每一次灵光打出,都是一次试探;每一次虚空产生反应,哪怕再微弱,都是一次反馈。
她在与这片竹海,与那布阵的未知存在,进行着一场无声的、基于规则与观察的对话。
她忽然觉得,这“修仙”之事,抛开那些打打杀杀、弱肉强食的残酷,其本身所蕴含的探索未知、穷究玄理的部分,竟是如此有趣,如此引人入胜。
若能解决丹田的隐患,得以顺利破境,拥有更长的寿命与更强的力量,去御剑乘风,遍览这大千世界的奇绝瑰丽,去探究那天地大道背后的无尽玄妙,该是何等快意的人生!
这个念头,如一颗微小的火种,在她心田悄然点亮。
儿时在放牛村后山竹林,日复一日、年复一年对着竹影挥剑的景象,与此刻这专注探阵的心境莫名重合。
那时挥剑,是孤独心灵对未来的懵懂向往与慰藉;此刻探阵,则是于绝境中,以智慧和毅力,为自己劈斩一条生路。
两者皆需忍耐,皆需坚持,皆需在看似无望的重复中,守候那一点可能的“不同”。
守得云开见月明。
她相信,只要不放弃,只要坚持下去,这看似铁板一块的困阵,总有被勘破的瞬间。
冬天既已漫长,春天还会远吗?
人活着,总需有个念想。
这念想,是暗夜里的微光,是跋涉时的方向。
只要念想不灭,前路便有意义,脚步便不会迷茫。
这近乎自我鼓舞的“鸡汤”,此刻饮下,却让苏若雪觉得浑身暖洋洋的,充满了新的力量与希望。
她眸中光芒更盛,不再去看那流转不息的四季幻景与狐女故事,只将全部心神,沉浸于对阵道的“笨拙”探索与印证之中。
“倒是个妙人儿,心性着实不差。

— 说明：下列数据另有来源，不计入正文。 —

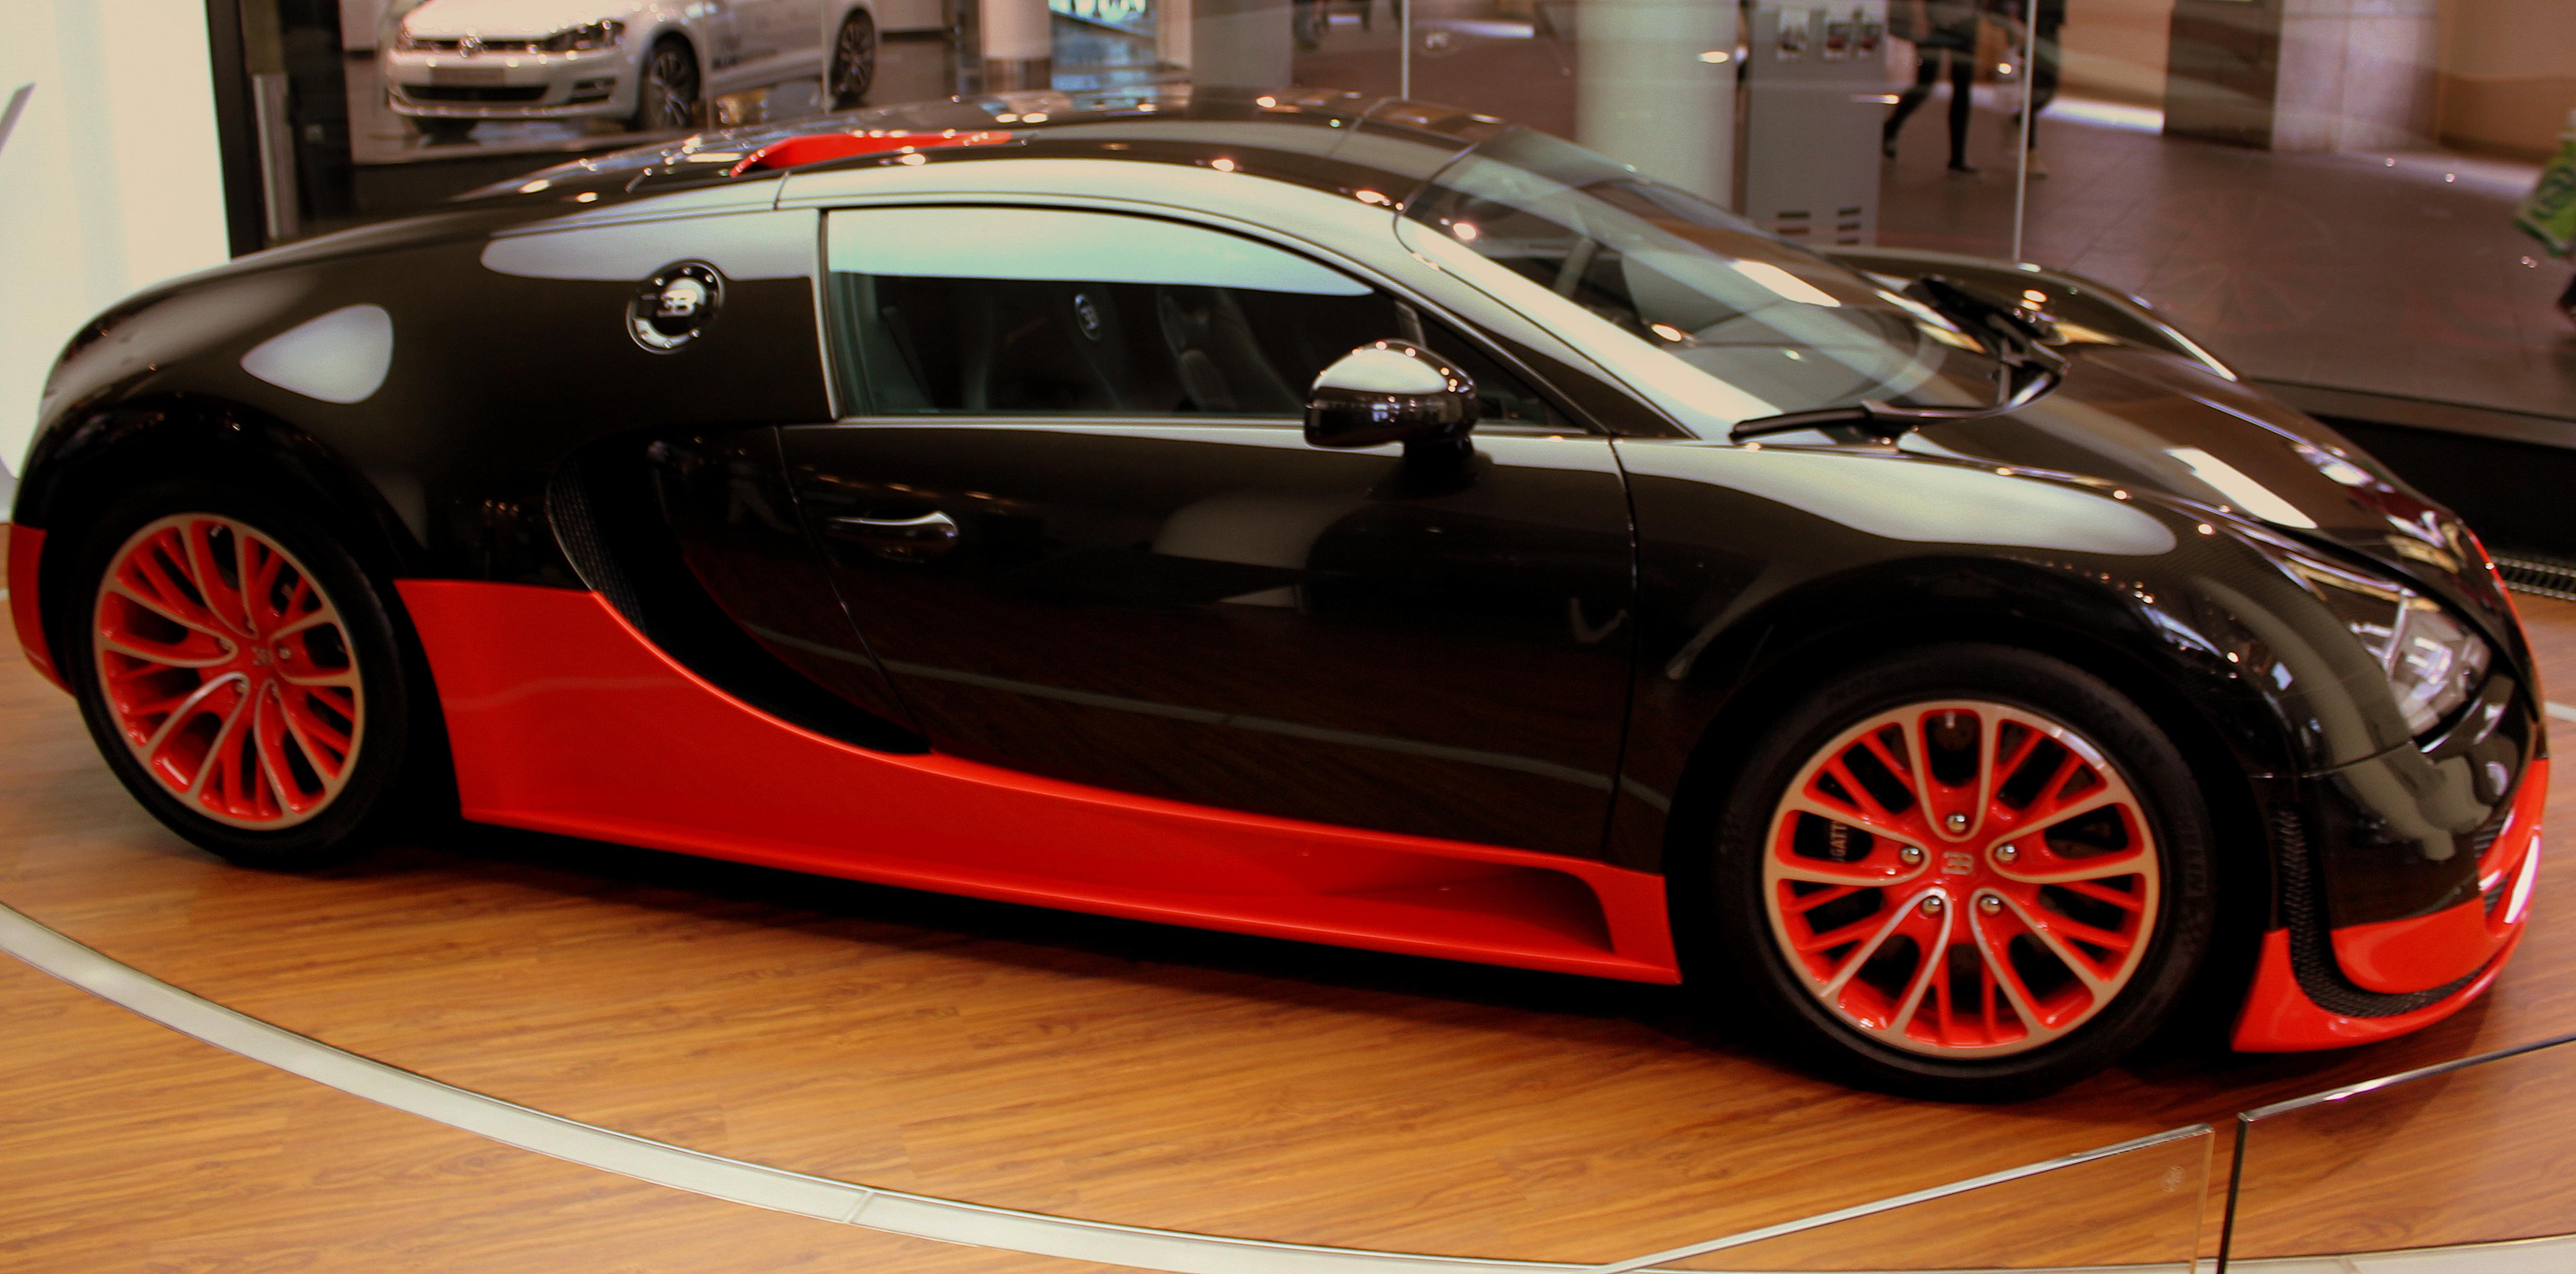 file bugatti veyron 16 4 super sport in bugatti dealer in berlin. Cars Review. Best American Auto & Cars Review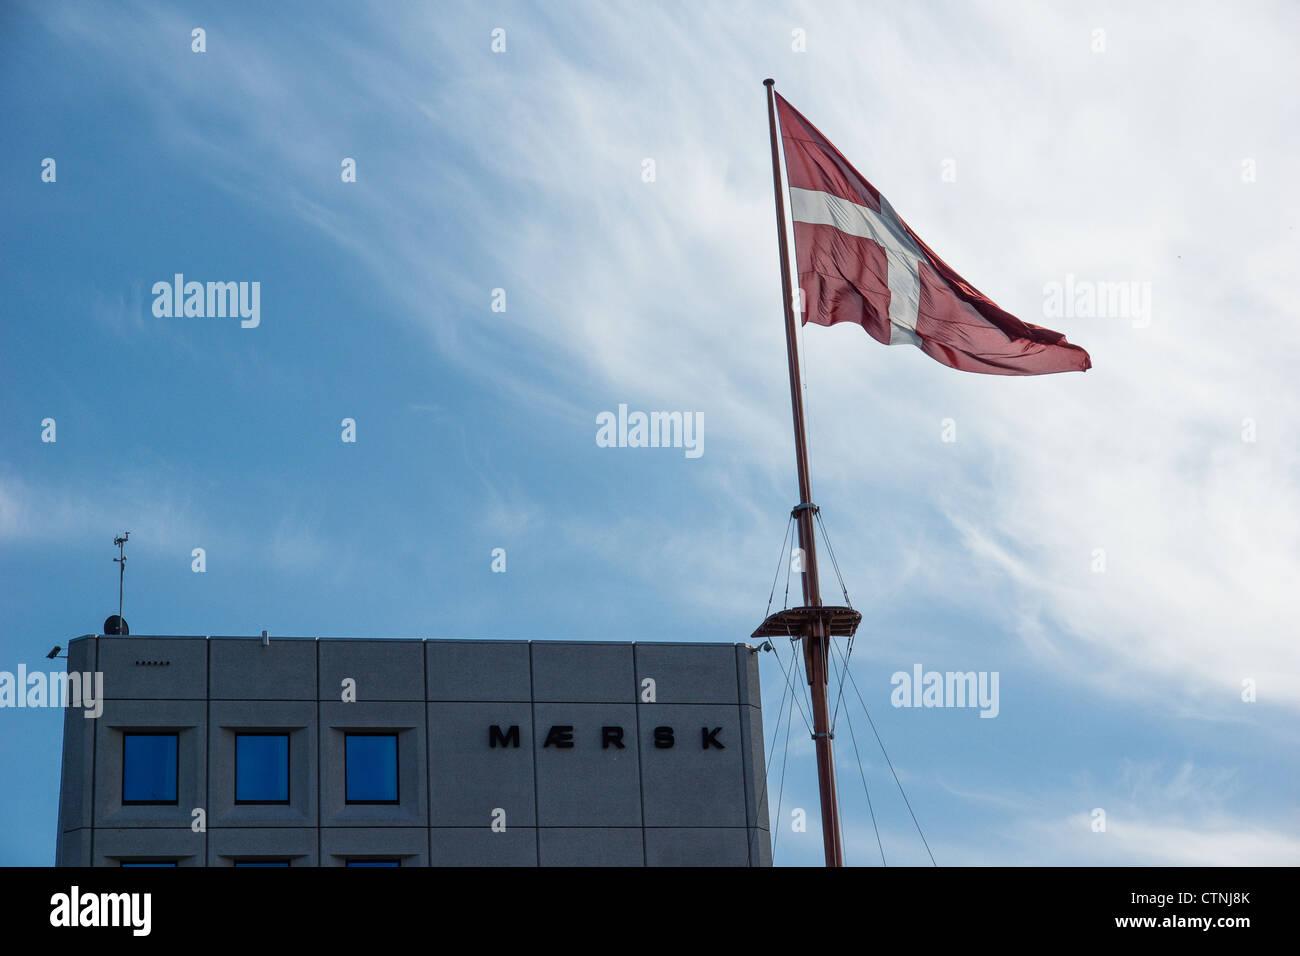 Maersk headquarter in Copenhagen - Stock Image

”
茅屋之内,苏酥趴在水镜前,将苏若雪这数日间的变化尽收眼底,赤瞳中那点不耐早已散去,取而代之的是一抹愈浓厚的兴致,还夹杂着一丝难以置信,“竟真想在这区区数日之内,便窥得我‘小迷天幻阵’的门道?唉,真不知是该赞她一句‘初生牛犊不怕虎’,勇气可嘉,还是该笑她一句‘蚍蜉撼大树’,不自量力。”
她伸出纤纤玉指,轻轻点着水镜中苏若雪那认真掐诀、时而蹙眉时而恍然的小脸,语气复杂:“即便让你侥幸摸到一丝门径,窥见些许节点灵光流转的滞涩处,又能如何?凭你区区凝气境的微末修为,难不成还想以力破巧,强行撕开我这灵宝所布的阵法么?痴心妄想罢了。”
话虽如此,她心中那份“游戏”的掌控感,却因苏若雪这份乎常理的执着与那微不可察的进展,而悄然产生了一丝极其细微的动摇。
这动摇并非源于对阵法可能被破的担忧,而是对这少女本身,产生了一种难以言喻的、混合着讶异与探究的复杂心绪。
至于侍立一旁的灰狐小白,此刻那低垂的眼眸深处,一缕异样的神采却是越来越亮。
那是希望之火被悄然点燃的光芒。